11
$\begingroup$

Mathematical description of a random sample: which one is it and why?

  1. $X_1(\omega), X_2(\omega), ..., X_n(\omega)$, where $X_1, ..., X_n$ are different but i.i.d. random variables.

  2. $X(\omega_1), X(\omega_2), ..., X(\omega_n)$, where $X$ is a (single) random variable.

  • 2
    Then, for $X(t_i)$ to be random one needs to pick $t_i$ randomly in the set $\{\omega_1,\ldots,\omega_6\}$ (otherwise $X(t_i)$ is a number and not a random variable). Question: how do you choose $t_i$? The answer seems to be that you choose $t_i$ **at random**, in other words $t_i$ is a map from an unspecified probability space $S$ to $\{\omega_1,\ldots,\omega_6\}$... in other words, you simply encoded each random variable $X_i$ of option 1. as a random variable $X\circ t_i$ defined on $S$. In the end, option 2. does not exist. (Unrelated: please use the @ sign to notify your comments.)2011-07-31

3 Answers 3

6

Let's say that the result of an experiment is a n-tuple of real numbers. When we accept 1. as a model of our experiment, we have a probability space $\Omega$ and a random variable $ X: \Omega \to \mathbb{R}^n $ The outcome of an experiment corresponds to a $\omega \in \Omega$ and therefore to an n-tuple $(X_1(\omega), ..., X_n(\omega))$. This model allows us to ask if the elements of this n-tuple are independent and if not, what their joint distribution is.

If we accept 2. as a model, we have a probability space $\Omega$ and a tuple of random variables $ X_i: \Omega \to \mathbb{R} $ so that the n-tuple is a random variable of the probability space $\Omega^n$ (Cartesian product). So, in this case, the independence of the elements of the tuple is built into the model. If the elements of the tuple are supposed to be independent, it does not matter.

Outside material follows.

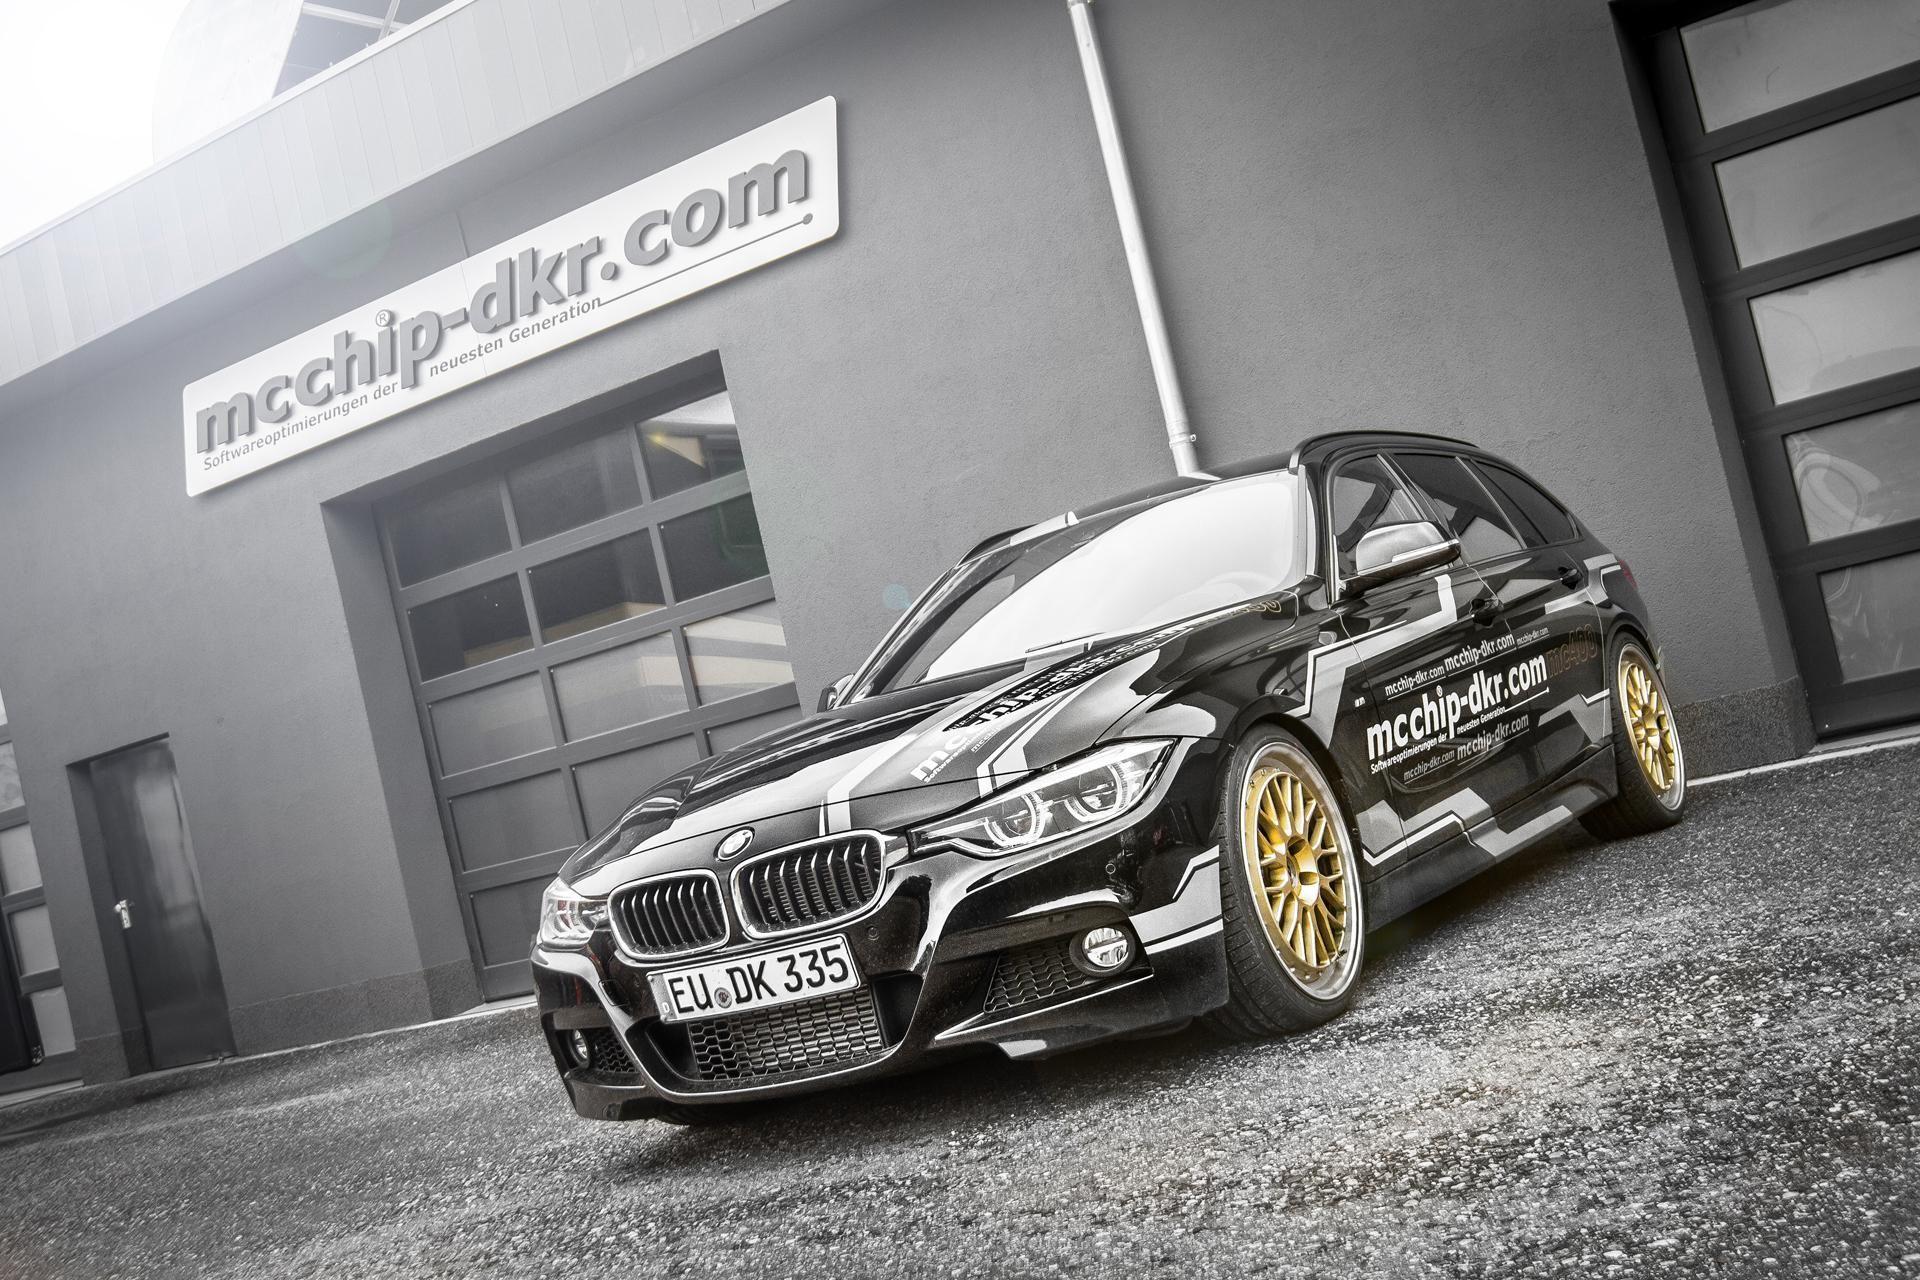 BMW 335d F31 3 0d mc400

Note that in the first case we can set $X_i = X_j$, either strict or modulo a null set; in this case we will have a tuple of identically distributed random variables. Choice no.1 does not necessarily imply that the elements of the n-tuple are different random variables (either strictly different or modulo a null set).

1

Thanks to the stimulating discussion with @Didier, I've clarified something for myself. From the technical standpoint, we have $n$ random variables in the option 1, and $n$ numbers in the option 2. The problem with this may be illustrated by the following example. Consider 3 different people producing their own random samples of size 5 by throwing a die. Here is what they get:

1 person: 1, 3, 1, 4, 2 $\;\;\;\rightarrow$ X_1(\omega'), X_2(\omega'), ..., X_5(\omega')
2 person: 2, 2, 1, 6, 3 $\;\;\;\rightarrow$ X_1(\omega''), X_2(\omega''), ..., X_5(\omega'')
3 person: 1, 4, 2, 1, 3 $\;\;\;\rightarrow$ X_1(\omega'''), X_2(\omega'''), ..., X_5(\omega''')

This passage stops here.